Second, the Common Core Standards, which are scheduled to be implemented in 2014, will cost taxpayers another million to implement as other states are finding out. Plus, education experts are denouncing the effectiveness. Poorly written, it promises to further separate the gifted children and leave the struggling further behind.
Does this poster believe every child should go college regardless of aptitude? Scholastic ability is not evenly distributed among all children. Only when K-12 performance is ignored, SAT scores lowered for admittance or as in some cases, abolished altogether can higher education be made all inclusive. But when that point is acheived universities become glorified (and costly) high schools, This nullifies their oriiginal purpose. The economic impact of this silliness is obvious.

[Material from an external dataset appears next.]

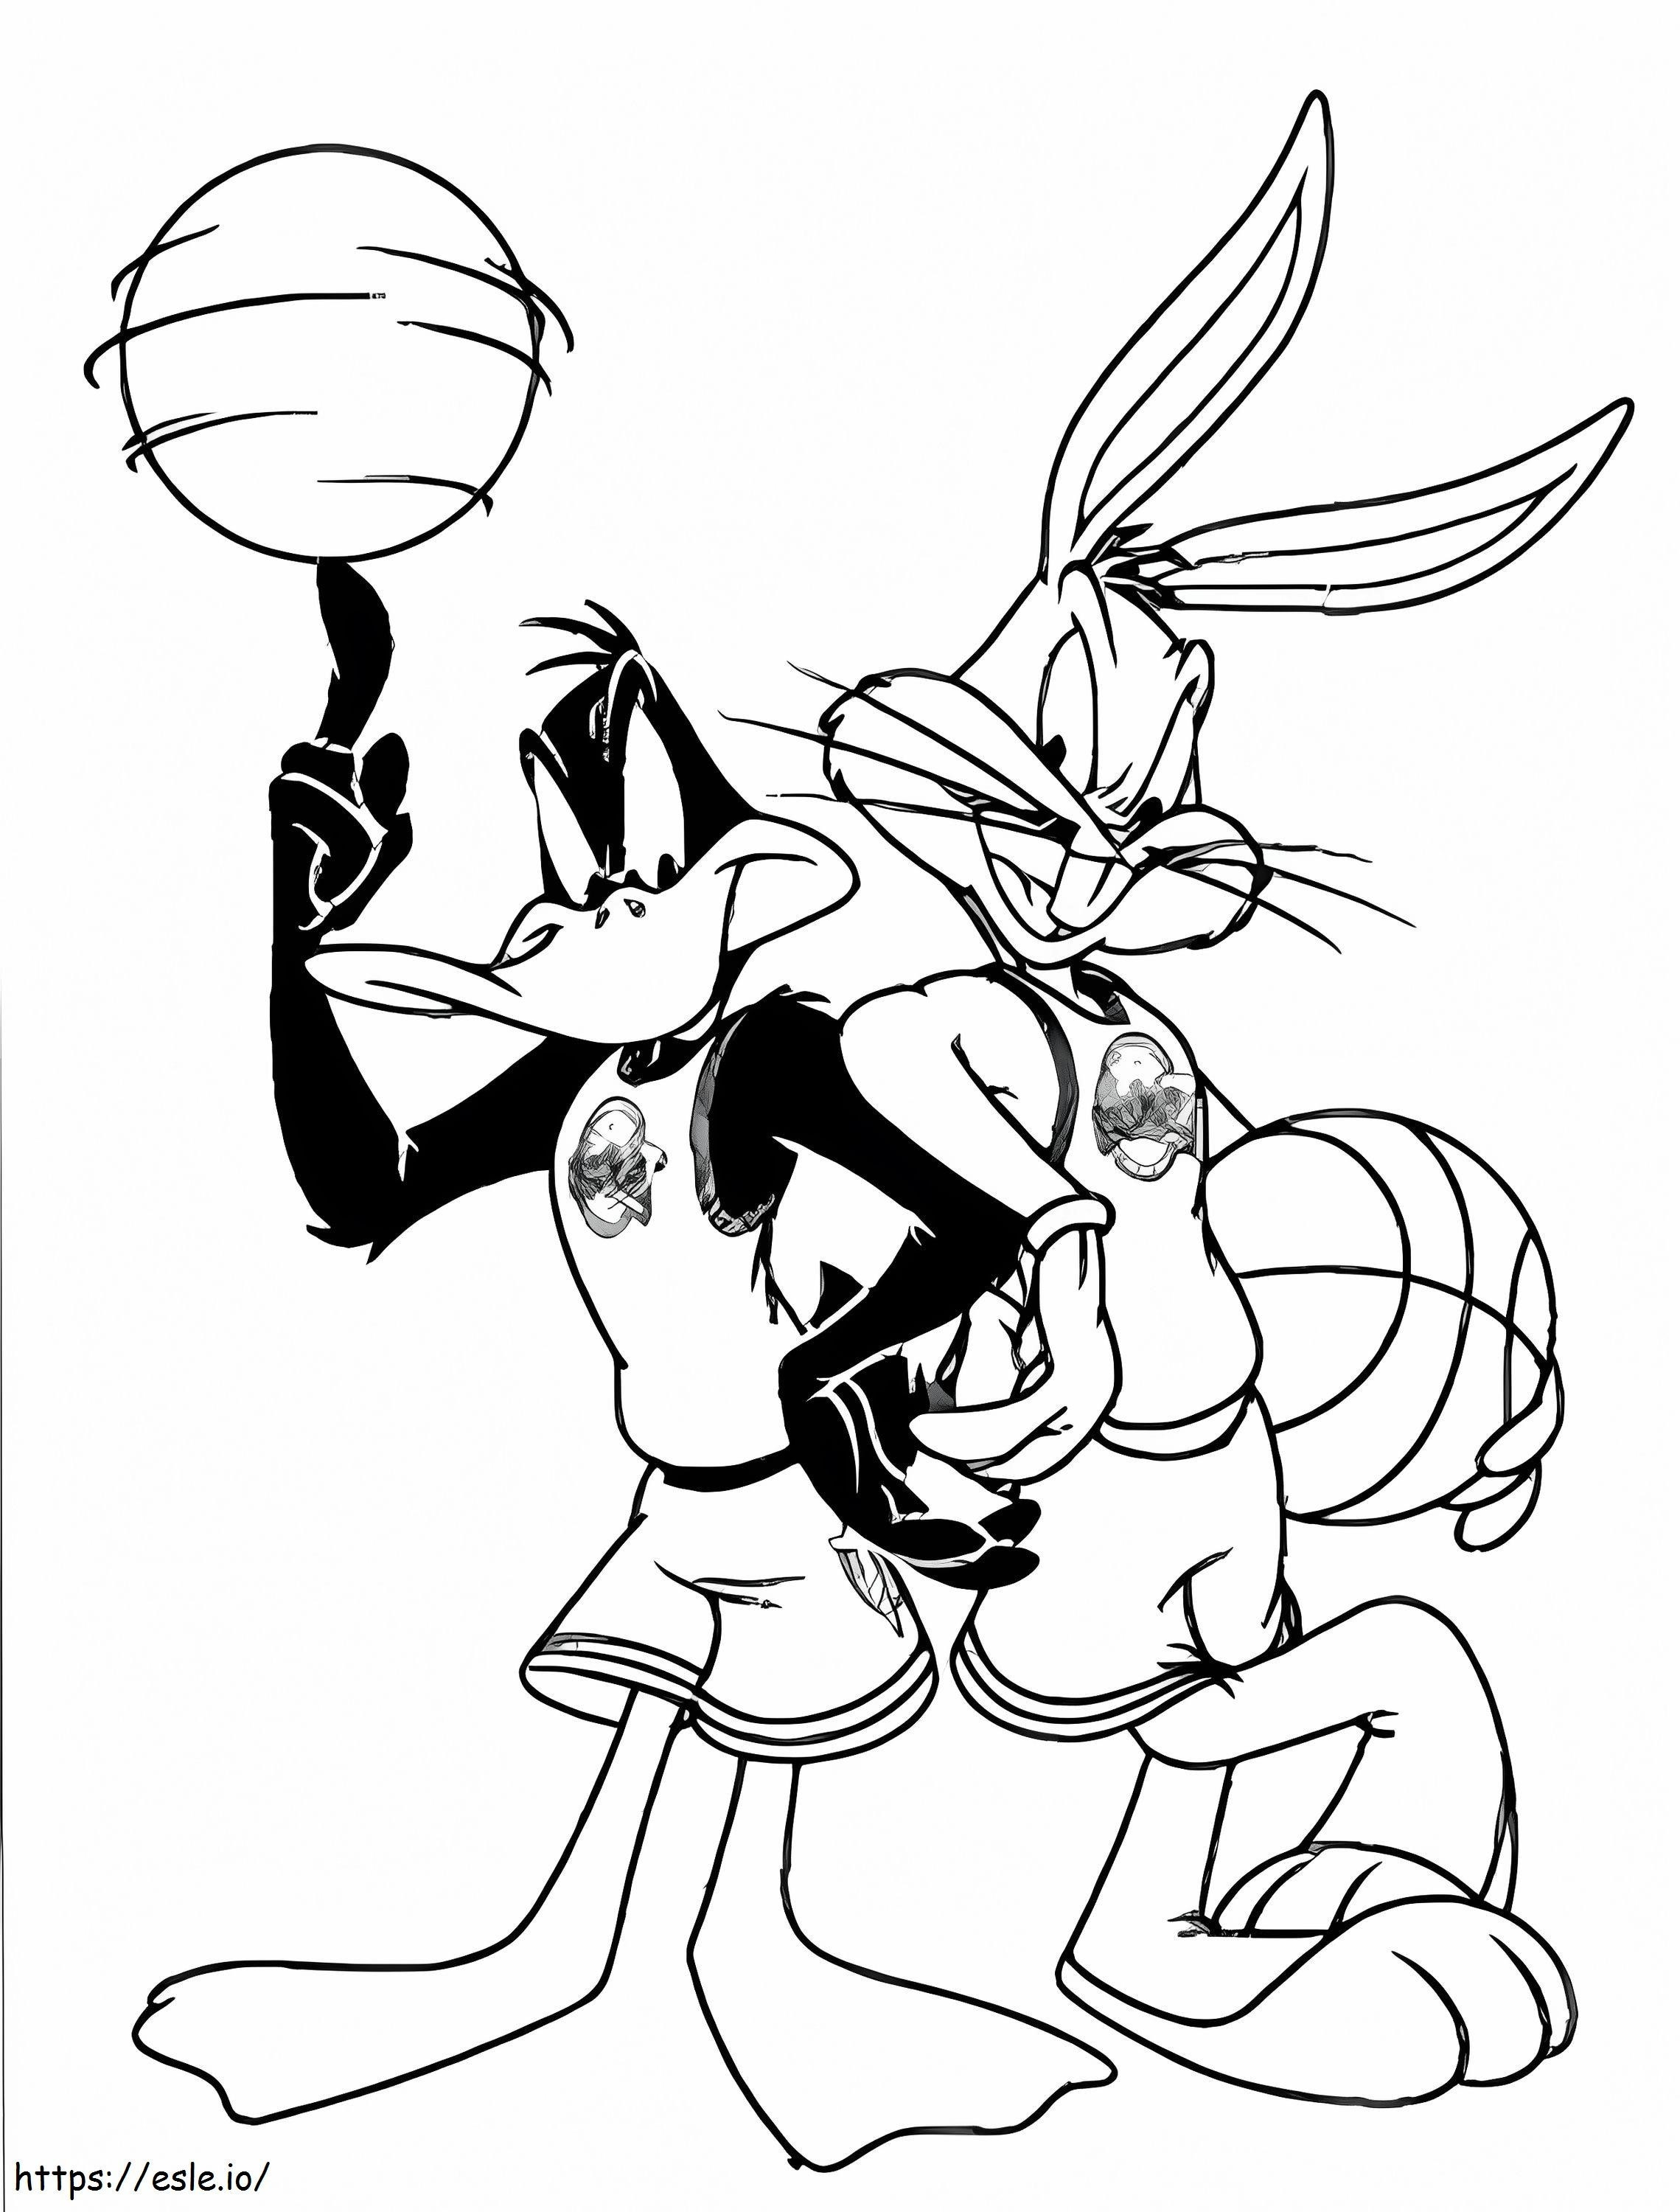 Bugs Bunny e Daffy Duck tenendo le palle da colorare

The US public school system should establish a rational three tiered education system. Wherein bright children are given college preparation courses while other less scholastically inclined students are given technical and craft training. The third part of this system simply culls out children who display no desire or aptitude for 1, and 2 above, or are a disruptive presence in any kind of classroom. Tax payers are simply are no longer held financially responsible for this latter class. Parents of the third class would then bear all education/training costs.
What few people wish to deal with is our economic decline and a surge in the population of people who expect the Govt to solve all their problems- including magically transforming a gaggle of dumb children- which they can’t control- in to captains of industry.